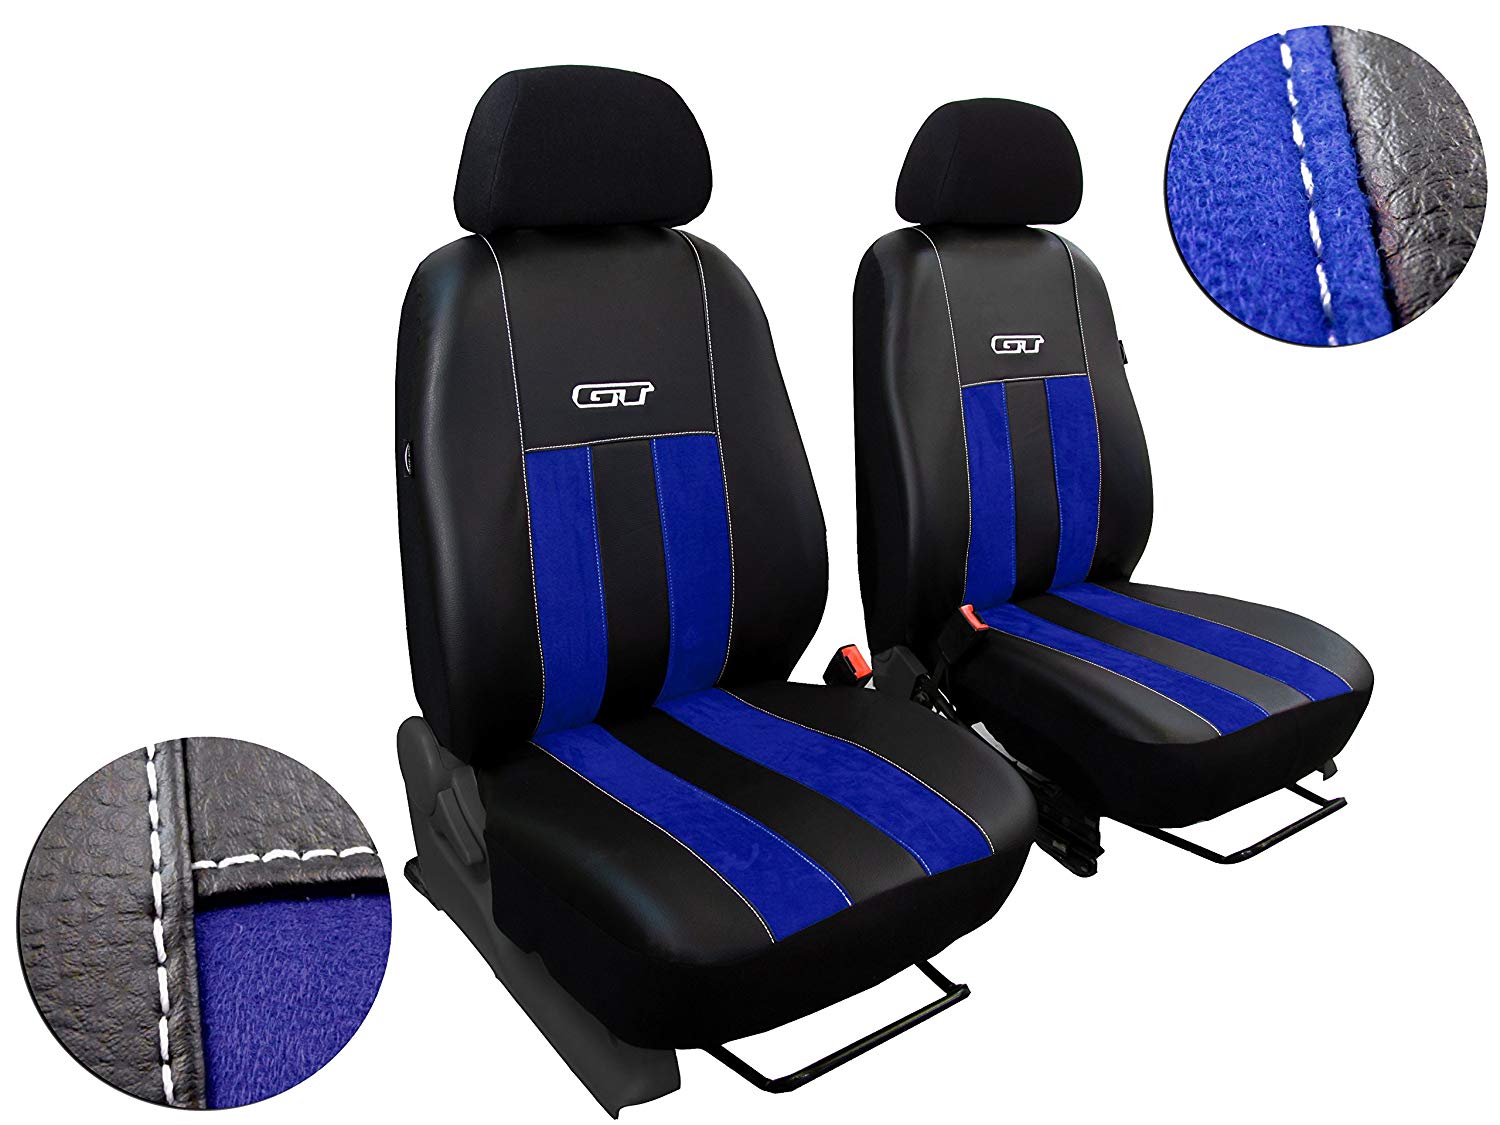 Pok Ter Tuning Front Seat Covers Suitable for A6 °C5 ALCANTRA GT with Kunstleder.. Includes Blue
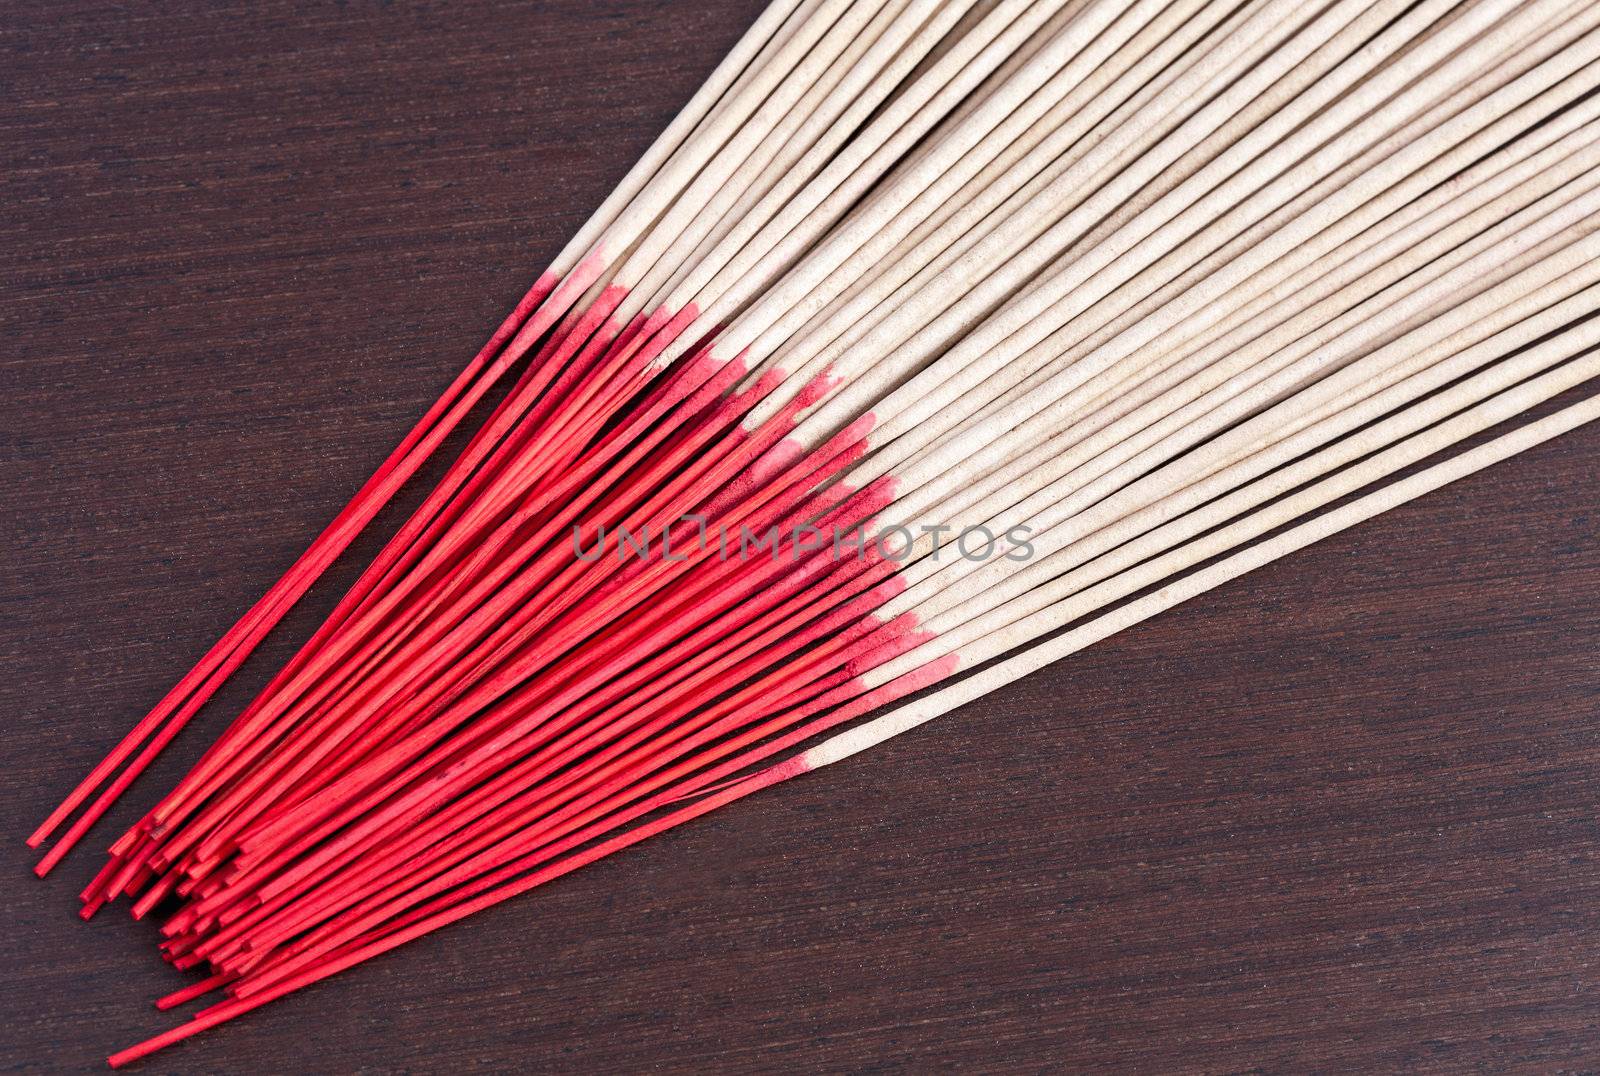 Incense aromatic sticks on the wooden background by sfinks
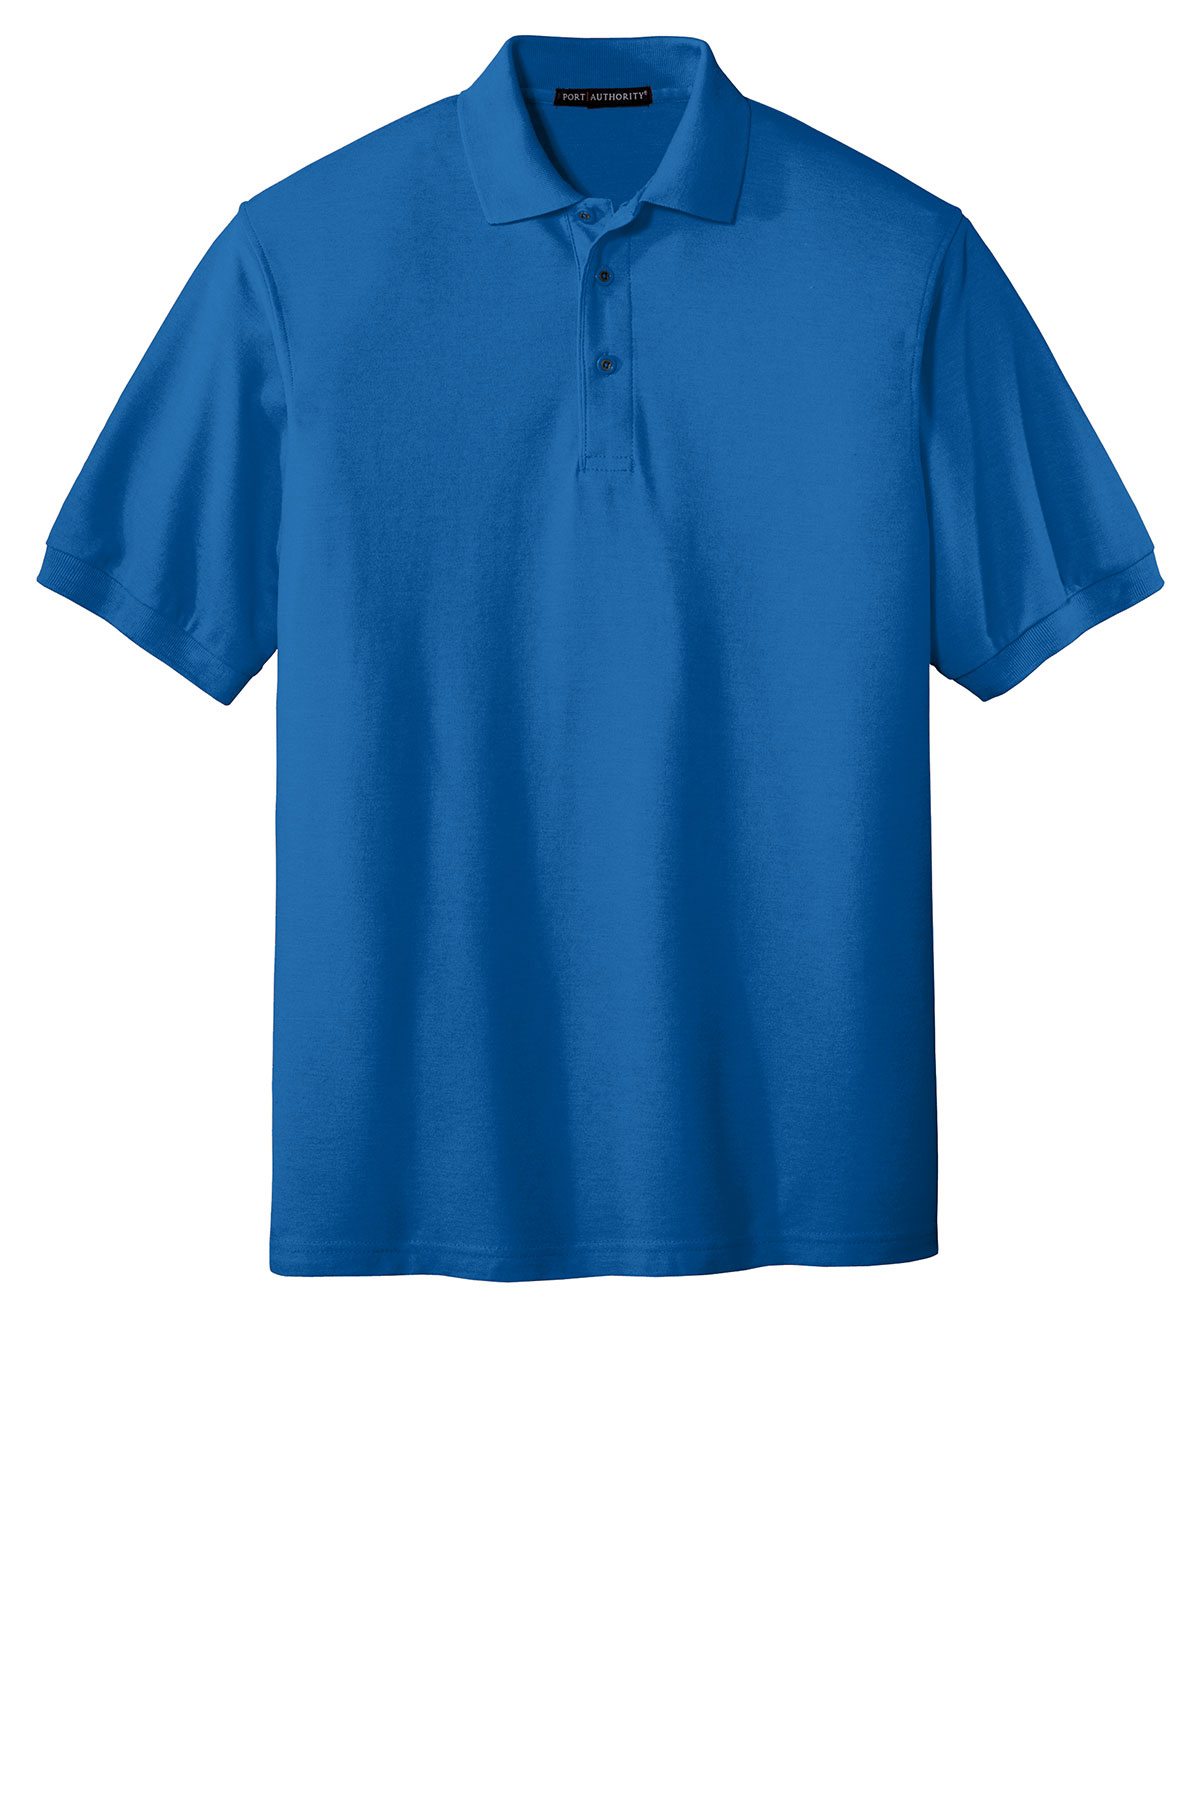 Port Authority Extended Size Silk Touch™ Polo | Product | SanMar
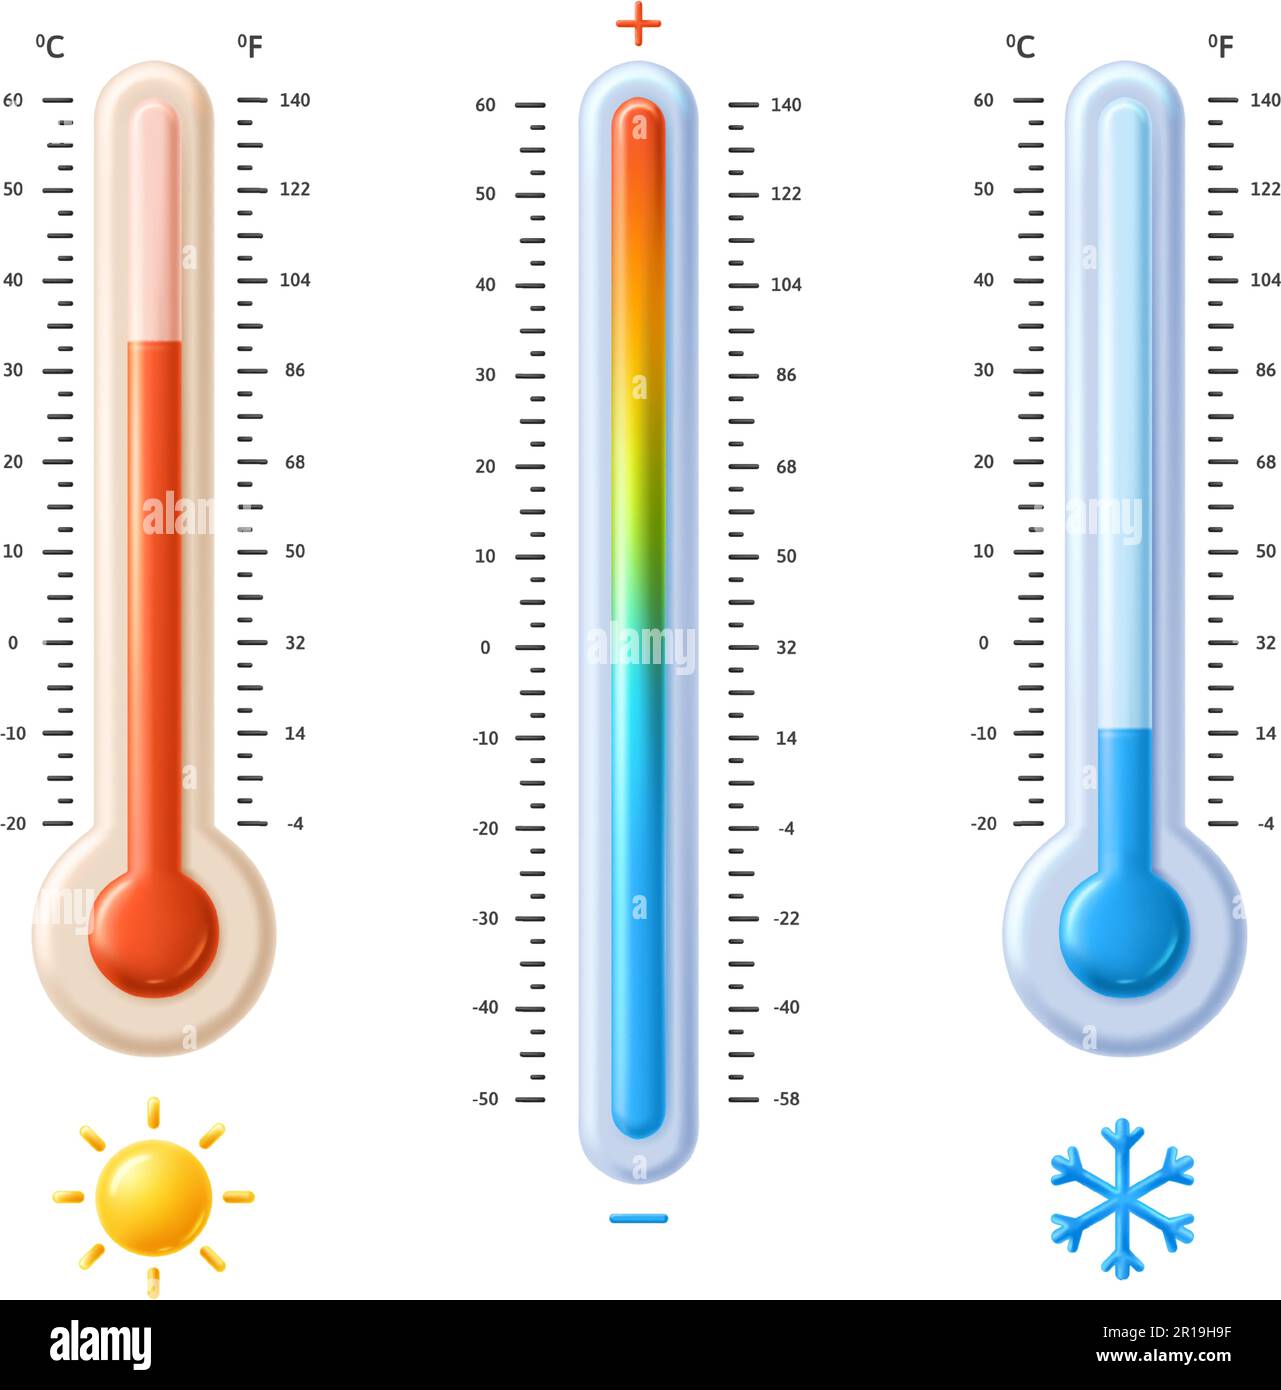 Premium Vector  Cold warm thermometer. temperature weather thermometers  with celsius and fahrenheit scale. thermostat meteorology icon

ASSIGNMENT: Quote everything in the listing above exactly; pictures are the only thing to omit.

TASK RESULT:
 Pok Ter Tuning Front Seat Covers Suitable for A6 °C5 ALCANTRA GT with Kunstleder.. Includes Blue
 Incense aromatic sticks on the wooden background by sfinks
 Port Authority Extended Size Silk Touch™ Polo | Product | SanMar
 Premium Vector  Cold warm thermometer. temperature weather thermometers  with celsius and fahrenheit scale. thermostat meteorology icon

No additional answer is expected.